API Key Authentication
Inmor supports API key authentication for programmatic access to the Admin
API (/api/v1/). This allows external tools and scripts to interact with
the API without session cookies.
Overview
API keys provide an alternative to session-based authentication. They are useful for:
Automated scripts and CI/CD pipelines
External monitoring tools
Third-party integrations
Each API key is:
Tied to a specific Django user account
Stored as a SHA-256 hash (the plaintext is shown only once at creation)
Optionally time-limited with an expiry date
Revocable at any time
Command-Line Management
The apikey management command lets you create, list, and revoke API keys
from the command line.
Creating a Key
python manage.py apikey create --username admin --key-name "CI deploy"
python manage.py apikey create --username admin --key-name "CI deploy" --tenant acme-corp
The plaintext key is printed to stdout so it can be captured by scripts.
The --key-name flag is optional and defaults to auto-generated.
The --tenant flag assigns the key to a tenant (defaults to default).
Warning
The plaintext API key is displayed only once at creation. If you lose it, you must create a new key.
Listing Keys
List keys for a specific user:
python manage.py apikey list --username admin
List keys across all users:
python manage.py apikey list --all
Output includes the key name, prefix, tenant, active status, creation date,
expiry, and last-used timestamp. The --all flag adds a user column.
Revoking a Key
python manage.py apikey revoke --username admin --key-name "CI deploy"
This deactivates all active keys matching the given name for that user. Revoked keys cannot be reactivated — create a new key instead.
Creating a Key via Admin UI
Only Django superusers can create API keys through the admin interface.
Log in to the Django admin at
/admin/Navigate to API Keys in the sidebar
Click Add API Key
Fill in the form:
Name: A descriptive label (e.g. “CI pipeline”, “monitoring”)
User: The Django user this key acts as
Expires at: Optional expiration date/time (leave blank for no expiry)
Click Save
Copy the displayed key immediately – it will not be shown again
Using an API Key
Pass the key in the X-API-Key HTTP header:
curl -H "X-API-Key: YOUR_KEY_HERE" \
https://your-server/api/v1/trustmarktypes
All /api/v1/ endpoints accept either a session cookie or an API key.

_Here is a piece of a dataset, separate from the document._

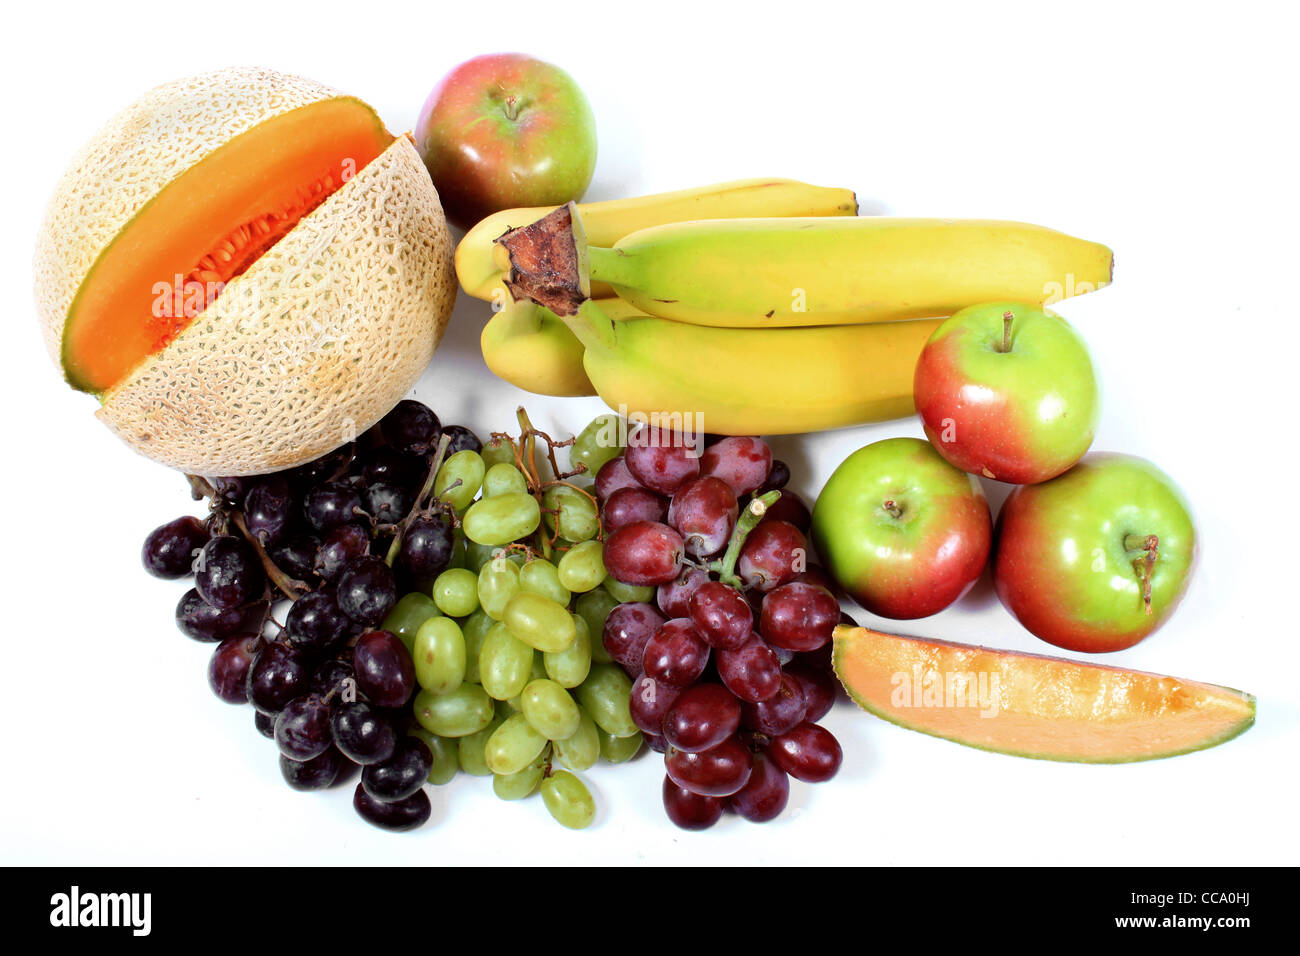 Les fruits colorés comme les raisins, pommes,cantaloup,et raisins sur un fond blanc Banque D'Images

Both authentication methods grant the same access.
Examples
List trust mark types:
curl -H "X-API-Key: YOUR_KEY_HERE" \
https://your-server/api/v1/trustmarktypes
Create a subordinate:
curl -X POST \
-H "X-API-Key: YOUR_KEY_HERE" \
-H "Content-Type: application/json" \
-d '{"entityid": "https://example.com", "organization": "Example Org"}' \
https://your-server/api/v1/subordinates
Regenerate server entity statement:
curl -X POST \
-H "X-API-Key: YOUR_KEY_HERE" \
https://your-server/api/v1/server/entity
Managing Keys via Admin UI
Viewing Keys
In the Django admin under API Keys, you can see all keys with:
Name and Key Prefix (first 8 characters for identification)
Status (Valid/Invalid)
Created, Expires, and Last Used timestamps
Revoking Keys
To revoke a single key:
Click on the key in the admin list
Uncheck Is active
Click Save
To revoke multiple keys at once:
Select the keys using the checkboxes
Choose Revoke selected API keys from the action dropdown
Click Go
Security Best Practices
Always use HTTPS – API keys are sent in headers and must be encrypted in transit
Set expiry dates – avoid permanent keys when possible
Use descriptive names – makes it easy to identify and audit keys
Revoke unused keys – regularly review and clean up old keys
One key per client – don’t share keys between different services
Store keys securely – treat them like passwords; use environment variables or a secrets manager
How It Works
The authentication flow:
Client sends request with
X-API-Key: <key>headerAPIKeyAuthentication(ininmoradmin/auth.py) extracts the headerThe key is hashed with SHA-256 and looked up in the database
If found, active, and not expired, the request is authenticated as the key’s associated user
The
last_used_attimestamp is updated
The API router in inmoradmin/api.py accepts both session and API key
authentication via combined_auth, so existing session-based workflows
(including the Vue frontend) continue to work unchanged.